Estradiol is a hormone and is one of the most important components for contraception and for hormone therapy during and after menopause. In common parlance, estradiol and two other, very similar hormones that are produced in the female body are called “estrogen”. Here you can read more about the effects and uses of Estradiol, side effects and other interesting facts.
Pharmacological action
Estrogenic drug – 17-beta-estradiol is identical to endogenous estradiol (it is formed in a woman from the first menstruation until menopause), is produced by the ovaries. In the cells of the organs targeted by the hormones, estrogens form a complex with specific receptors (found in various organs – uterus, vagina, urethra, breast, liver, hypothalamus, pituitary), the receptor-ligand complex interacts with the estrogen-effector gene and specific intracellular proteins, inducing synthesis of i-RNA, proteins and the release of cytokines and growth factors. It has a feminizing effect on the body. Stimulates the development of the uterus, fallopian tubes, vagina, mammary gland stroma and ducts, nipple and genital pigmentation, formation of female secondary sexual characteristics, growth and closure of epiphyses of long tubular bones.
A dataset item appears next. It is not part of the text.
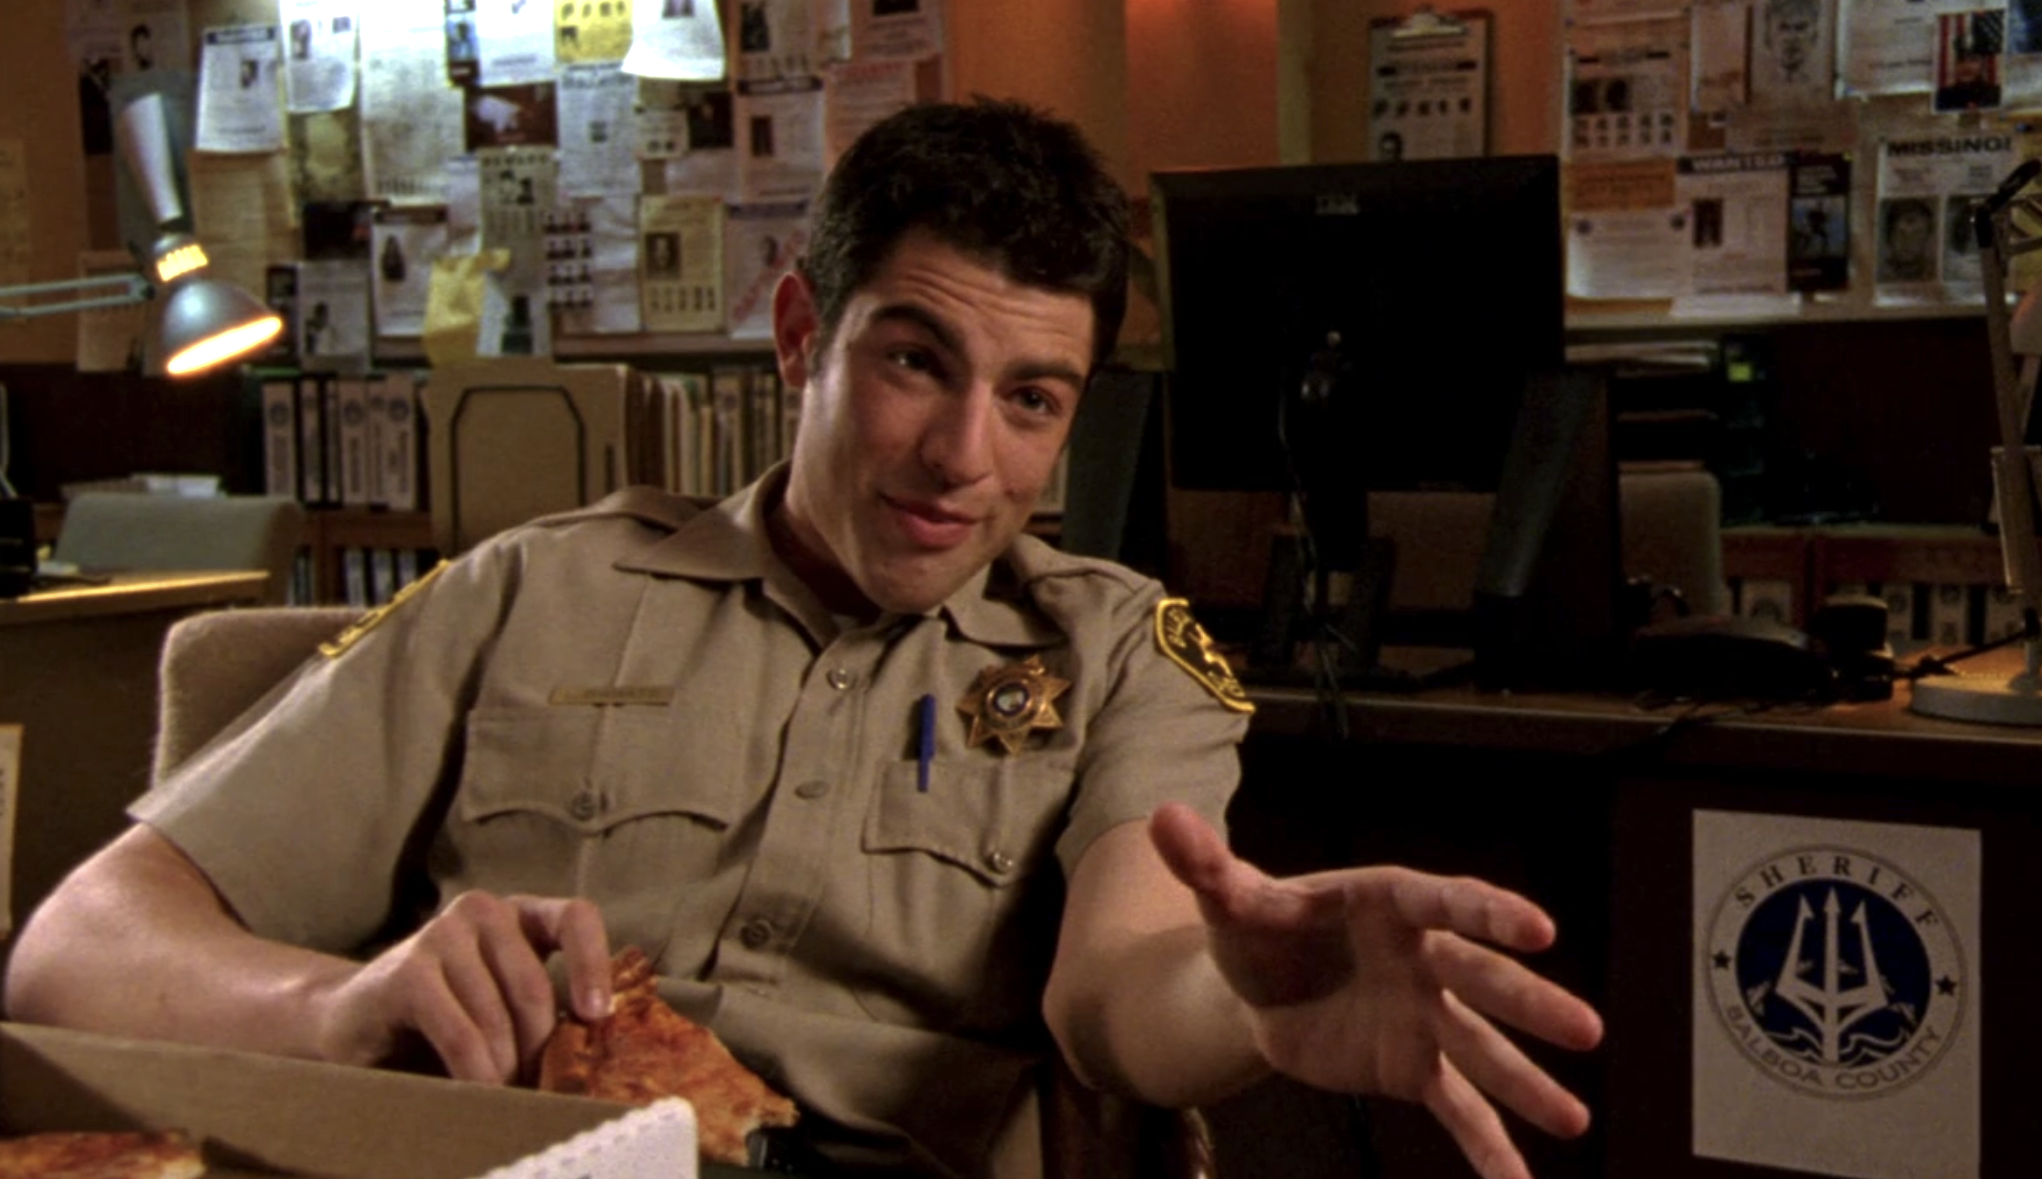 Screenshot of S1E11 of Veronica Mars. Max Greenfield playing Deputy Leo in his beige deputy uniform holds a slice of pizza in one hand and with the other is gesturing at an off-screen Veronica.
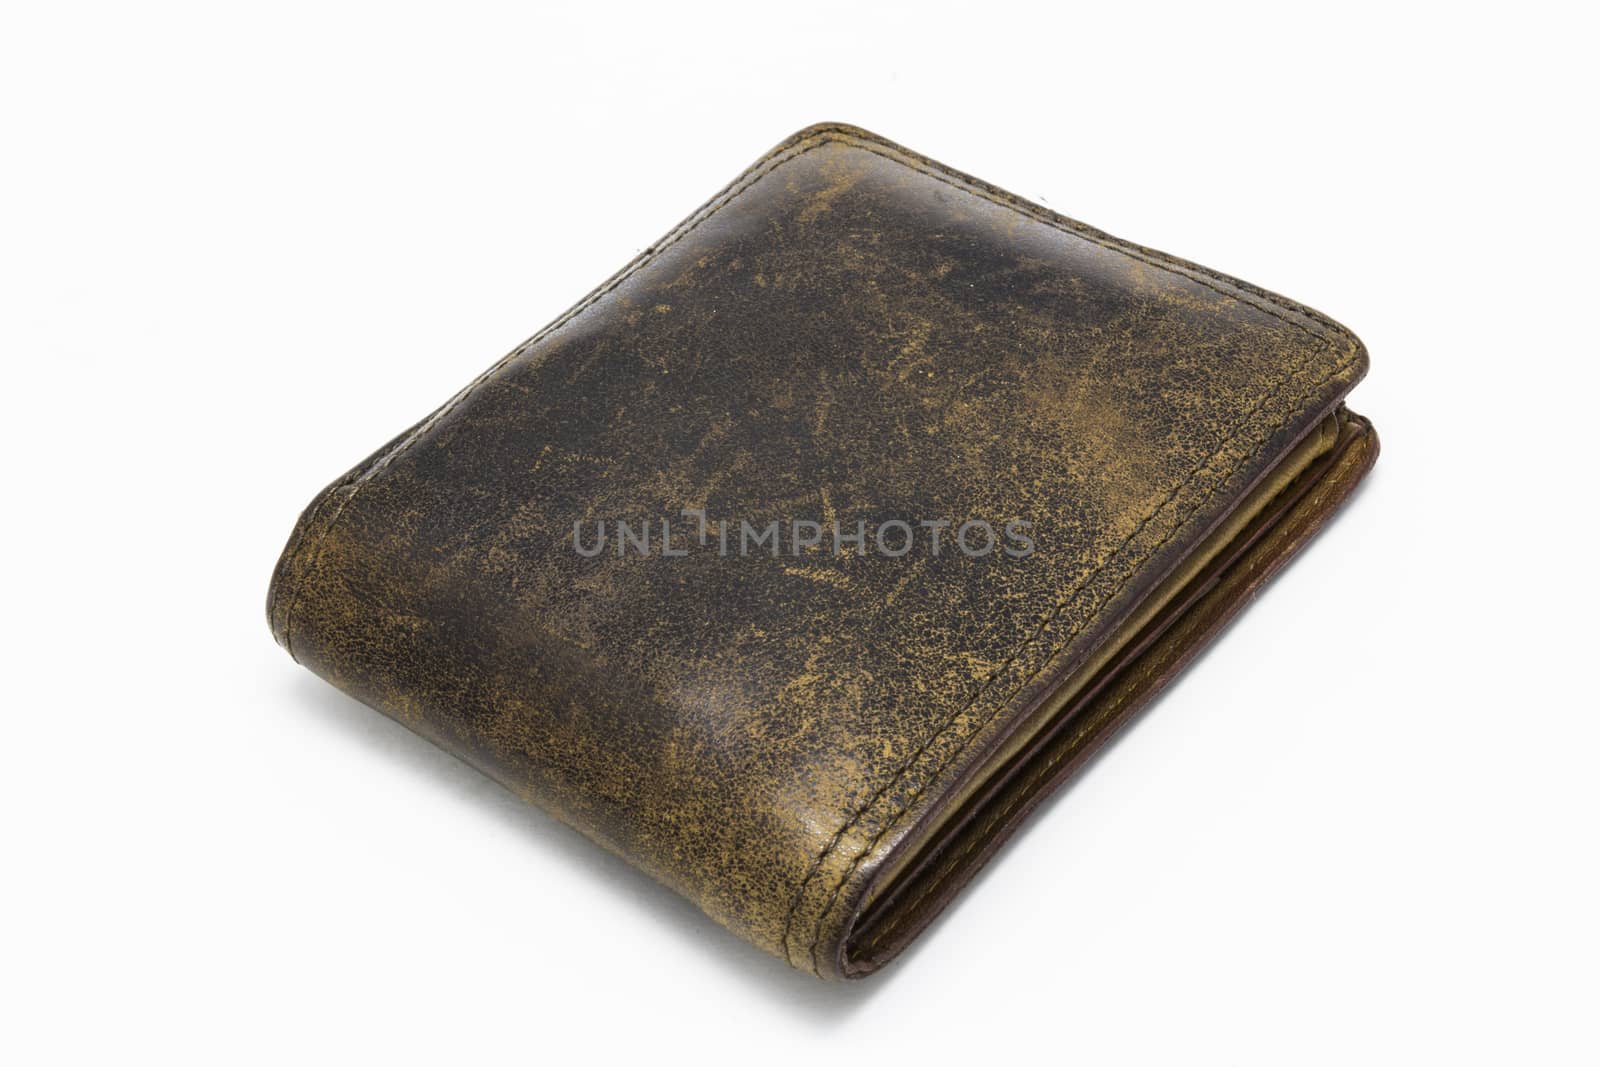 leather wallet isolated on white background

Promotes timely endometrial rejection and regular bleeding, in high concentrations causes endometrial hyperplasia, suppresses lactation, inhibits bone resorption, stimulates synthesis of several transport proteins (thyroxine-binding globulin, transcortin, transferrin, sex hormone-binding protein), fibrinogen. Has a procoagulant effect, increases the synthesis in the liver of vitamin K-dependent clotting factors (II, VII, IX, X), reduces the concentration of antithrombin III. Increases the levels of T4, Fe, Cu2+ and so on.д. in the blood. It has anti-atherosclerotic effect, increases HDL concentration, lowers LDL and cholesterol (increases TG concentration). Modulates sensitivity of receptors to progesterone and sympathetic regulation of smooth muscle tone, stimulates the transport of intravascular fluid in tissues and causes compensatory retention of Na+ and water. At high doses, it prevents the degradation of endogenous catecholamines by competing for active catechol-O-methyltransferase receptors. After menopause, only small amounts of estradiol are formed in the body (from estrone in the liver and fatty tissue). A decrease in the concentration of estradiol produced in the ovaries is accompanied in many women by vasomotor and thermoregulatory instability ("hot flashes" blood to the skin of the face), sleep disturbances, progressive atrophy of the urogenital system. Osteoporosis (mostly of the spine) develops because of estrogen deficiency.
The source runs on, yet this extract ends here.